Task goal –
Once you find the line containing "Hängebrücke über den Tejo." in the data below, copy it and each following line exactly, up to and including the line containing "Volvo S90 Interior", and nothing else.

Dataset excerpts:
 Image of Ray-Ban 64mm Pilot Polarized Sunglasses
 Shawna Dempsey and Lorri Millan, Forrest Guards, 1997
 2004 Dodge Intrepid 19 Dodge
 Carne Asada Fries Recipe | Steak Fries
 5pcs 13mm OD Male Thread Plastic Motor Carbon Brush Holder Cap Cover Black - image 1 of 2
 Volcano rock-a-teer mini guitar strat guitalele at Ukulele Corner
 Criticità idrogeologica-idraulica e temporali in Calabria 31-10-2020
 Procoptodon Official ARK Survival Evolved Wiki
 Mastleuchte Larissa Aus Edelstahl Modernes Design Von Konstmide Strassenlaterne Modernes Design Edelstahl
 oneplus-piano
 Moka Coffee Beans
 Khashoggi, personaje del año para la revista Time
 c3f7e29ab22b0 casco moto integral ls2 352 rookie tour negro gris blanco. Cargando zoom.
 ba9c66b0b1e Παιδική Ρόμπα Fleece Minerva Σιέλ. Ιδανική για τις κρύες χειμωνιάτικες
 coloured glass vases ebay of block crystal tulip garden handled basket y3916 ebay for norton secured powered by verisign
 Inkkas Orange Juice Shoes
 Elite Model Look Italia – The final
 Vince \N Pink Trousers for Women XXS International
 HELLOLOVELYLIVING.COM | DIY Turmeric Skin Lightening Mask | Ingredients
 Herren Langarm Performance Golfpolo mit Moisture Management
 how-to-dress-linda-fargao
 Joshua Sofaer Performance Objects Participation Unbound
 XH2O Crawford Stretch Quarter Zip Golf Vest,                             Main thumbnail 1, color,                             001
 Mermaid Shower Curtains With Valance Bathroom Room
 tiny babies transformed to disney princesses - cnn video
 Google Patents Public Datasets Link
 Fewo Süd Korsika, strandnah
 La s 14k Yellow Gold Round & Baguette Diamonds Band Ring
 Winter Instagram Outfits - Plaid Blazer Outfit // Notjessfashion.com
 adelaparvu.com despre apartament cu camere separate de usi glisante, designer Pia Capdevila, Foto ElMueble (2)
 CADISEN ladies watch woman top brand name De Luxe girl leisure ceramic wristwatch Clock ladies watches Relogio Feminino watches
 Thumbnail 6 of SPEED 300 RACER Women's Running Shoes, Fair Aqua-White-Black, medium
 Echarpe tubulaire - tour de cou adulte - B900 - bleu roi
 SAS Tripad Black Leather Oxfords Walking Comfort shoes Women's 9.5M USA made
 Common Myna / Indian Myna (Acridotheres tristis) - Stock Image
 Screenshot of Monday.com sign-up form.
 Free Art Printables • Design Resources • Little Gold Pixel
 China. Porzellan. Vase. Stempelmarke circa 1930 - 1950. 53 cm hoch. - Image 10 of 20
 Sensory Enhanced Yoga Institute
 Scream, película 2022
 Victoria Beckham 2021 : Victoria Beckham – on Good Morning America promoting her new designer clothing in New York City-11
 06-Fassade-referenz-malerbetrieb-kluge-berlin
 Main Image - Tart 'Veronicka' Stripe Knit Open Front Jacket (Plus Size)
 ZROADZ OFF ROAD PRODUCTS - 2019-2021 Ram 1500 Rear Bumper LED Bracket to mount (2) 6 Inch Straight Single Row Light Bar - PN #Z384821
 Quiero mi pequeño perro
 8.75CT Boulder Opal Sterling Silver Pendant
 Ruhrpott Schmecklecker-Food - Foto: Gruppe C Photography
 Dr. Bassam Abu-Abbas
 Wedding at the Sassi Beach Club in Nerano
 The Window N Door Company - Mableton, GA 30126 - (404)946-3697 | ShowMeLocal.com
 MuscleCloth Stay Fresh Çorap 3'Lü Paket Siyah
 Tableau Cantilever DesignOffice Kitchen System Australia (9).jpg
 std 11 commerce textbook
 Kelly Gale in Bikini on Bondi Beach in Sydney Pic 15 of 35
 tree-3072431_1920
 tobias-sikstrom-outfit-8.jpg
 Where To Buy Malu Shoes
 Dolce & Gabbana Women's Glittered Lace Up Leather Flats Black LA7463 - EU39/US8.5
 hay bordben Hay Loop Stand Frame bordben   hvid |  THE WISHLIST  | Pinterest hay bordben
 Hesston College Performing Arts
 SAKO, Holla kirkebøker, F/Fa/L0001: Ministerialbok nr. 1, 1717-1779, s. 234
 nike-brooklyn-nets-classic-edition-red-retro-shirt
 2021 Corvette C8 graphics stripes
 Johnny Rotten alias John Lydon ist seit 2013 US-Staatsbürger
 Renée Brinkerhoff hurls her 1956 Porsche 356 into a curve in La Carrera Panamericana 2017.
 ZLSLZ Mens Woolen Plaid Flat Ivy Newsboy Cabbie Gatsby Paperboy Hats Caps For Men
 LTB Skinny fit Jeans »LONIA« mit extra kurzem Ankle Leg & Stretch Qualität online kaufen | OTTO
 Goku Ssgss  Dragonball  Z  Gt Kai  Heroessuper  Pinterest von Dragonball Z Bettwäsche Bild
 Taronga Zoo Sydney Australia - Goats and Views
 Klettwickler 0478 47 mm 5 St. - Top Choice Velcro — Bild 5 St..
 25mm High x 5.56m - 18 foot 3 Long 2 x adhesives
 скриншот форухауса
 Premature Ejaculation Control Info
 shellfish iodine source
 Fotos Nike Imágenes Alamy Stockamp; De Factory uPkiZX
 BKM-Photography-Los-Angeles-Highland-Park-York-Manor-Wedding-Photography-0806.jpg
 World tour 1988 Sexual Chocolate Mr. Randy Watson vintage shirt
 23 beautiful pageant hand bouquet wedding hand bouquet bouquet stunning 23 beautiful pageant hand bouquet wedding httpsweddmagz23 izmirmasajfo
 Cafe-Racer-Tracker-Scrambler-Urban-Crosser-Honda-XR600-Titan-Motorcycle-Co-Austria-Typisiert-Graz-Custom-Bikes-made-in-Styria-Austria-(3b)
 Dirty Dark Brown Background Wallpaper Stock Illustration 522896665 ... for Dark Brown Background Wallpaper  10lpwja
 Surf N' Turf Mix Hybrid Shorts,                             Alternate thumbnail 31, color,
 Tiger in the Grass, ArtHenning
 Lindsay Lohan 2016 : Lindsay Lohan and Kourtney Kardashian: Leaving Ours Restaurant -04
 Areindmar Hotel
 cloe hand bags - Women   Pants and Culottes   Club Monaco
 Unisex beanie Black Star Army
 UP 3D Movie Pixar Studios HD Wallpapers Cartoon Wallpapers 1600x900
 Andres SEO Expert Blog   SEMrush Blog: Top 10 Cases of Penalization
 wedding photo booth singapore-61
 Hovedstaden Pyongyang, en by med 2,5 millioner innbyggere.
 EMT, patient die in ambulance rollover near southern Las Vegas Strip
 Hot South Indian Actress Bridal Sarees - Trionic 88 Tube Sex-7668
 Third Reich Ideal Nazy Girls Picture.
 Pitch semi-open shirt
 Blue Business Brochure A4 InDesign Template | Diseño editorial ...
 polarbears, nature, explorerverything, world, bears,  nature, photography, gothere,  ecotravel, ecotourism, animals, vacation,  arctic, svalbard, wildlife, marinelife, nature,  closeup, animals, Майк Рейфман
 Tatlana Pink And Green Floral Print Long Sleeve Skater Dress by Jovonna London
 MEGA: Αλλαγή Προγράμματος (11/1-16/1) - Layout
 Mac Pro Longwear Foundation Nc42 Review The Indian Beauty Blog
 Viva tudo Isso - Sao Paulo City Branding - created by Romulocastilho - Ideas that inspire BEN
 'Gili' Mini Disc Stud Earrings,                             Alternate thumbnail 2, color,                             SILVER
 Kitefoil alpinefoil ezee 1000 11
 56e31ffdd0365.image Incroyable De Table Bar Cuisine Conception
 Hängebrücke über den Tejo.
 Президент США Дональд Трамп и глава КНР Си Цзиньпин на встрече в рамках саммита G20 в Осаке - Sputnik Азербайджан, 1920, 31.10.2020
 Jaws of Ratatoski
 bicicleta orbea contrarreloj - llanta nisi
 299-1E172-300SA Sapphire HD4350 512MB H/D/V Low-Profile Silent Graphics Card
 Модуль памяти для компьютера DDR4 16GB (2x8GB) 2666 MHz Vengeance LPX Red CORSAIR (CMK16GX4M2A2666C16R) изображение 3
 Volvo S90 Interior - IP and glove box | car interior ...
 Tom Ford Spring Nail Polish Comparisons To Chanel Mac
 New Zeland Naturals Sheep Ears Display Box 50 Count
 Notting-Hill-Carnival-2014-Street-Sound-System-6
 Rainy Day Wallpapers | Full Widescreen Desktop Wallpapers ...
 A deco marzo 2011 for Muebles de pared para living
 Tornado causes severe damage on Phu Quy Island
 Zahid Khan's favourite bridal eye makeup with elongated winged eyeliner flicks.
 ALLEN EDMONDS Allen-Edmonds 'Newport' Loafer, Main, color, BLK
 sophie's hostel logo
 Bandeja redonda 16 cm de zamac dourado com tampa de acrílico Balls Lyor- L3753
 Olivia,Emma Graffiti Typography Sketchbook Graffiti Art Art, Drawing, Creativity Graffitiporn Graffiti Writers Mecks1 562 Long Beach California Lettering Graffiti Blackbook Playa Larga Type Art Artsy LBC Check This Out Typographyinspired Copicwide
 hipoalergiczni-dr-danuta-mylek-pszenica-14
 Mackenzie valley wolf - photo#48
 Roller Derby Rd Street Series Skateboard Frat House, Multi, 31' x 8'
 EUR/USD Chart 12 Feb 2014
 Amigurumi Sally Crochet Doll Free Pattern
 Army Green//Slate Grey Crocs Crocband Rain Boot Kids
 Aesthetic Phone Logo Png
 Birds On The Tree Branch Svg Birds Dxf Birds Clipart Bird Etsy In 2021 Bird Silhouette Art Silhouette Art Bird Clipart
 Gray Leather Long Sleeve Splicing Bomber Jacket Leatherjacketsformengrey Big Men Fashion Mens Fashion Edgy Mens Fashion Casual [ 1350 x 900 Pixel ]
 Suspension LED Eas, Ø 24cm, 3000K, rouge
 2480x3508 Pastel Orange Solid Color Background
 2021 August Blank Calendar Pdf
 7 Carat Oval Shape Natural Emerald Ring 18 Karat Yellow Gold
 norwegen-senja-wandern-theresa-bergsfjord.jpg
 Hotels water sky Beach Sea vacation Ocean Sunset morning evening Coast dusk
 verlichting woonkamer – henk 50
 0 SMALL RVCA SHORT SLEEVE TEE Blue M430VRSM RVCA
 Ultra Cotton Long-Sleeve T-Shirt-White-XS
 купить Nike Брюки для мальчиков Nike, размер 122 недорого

Solution to this task –
 Hängebrücke über den Tejo.
 Президент США Дональд Трамп и глава КНР Си Цзиньпин на встрече в рамках саммита G20 в Осаке - Sputnik Азербайджан, 1920, 31.10.2020
 Jaws of Ratatoski
 bicicleta orbea contrarreloj - llanta nisi
 299-1E172-300SA Sapphire HD4350 512MB H/D/V Low-Profile Silent Graphics Card
 Модуль памяти для компьютера DDR4 16GB (2x8GB) 2666 MHz Vengeance LPX Red CORSAIR (CMK16GX4M2A2666C16R) изображение 3
 Volvo S90 Interior - IP and glove box | car interior ...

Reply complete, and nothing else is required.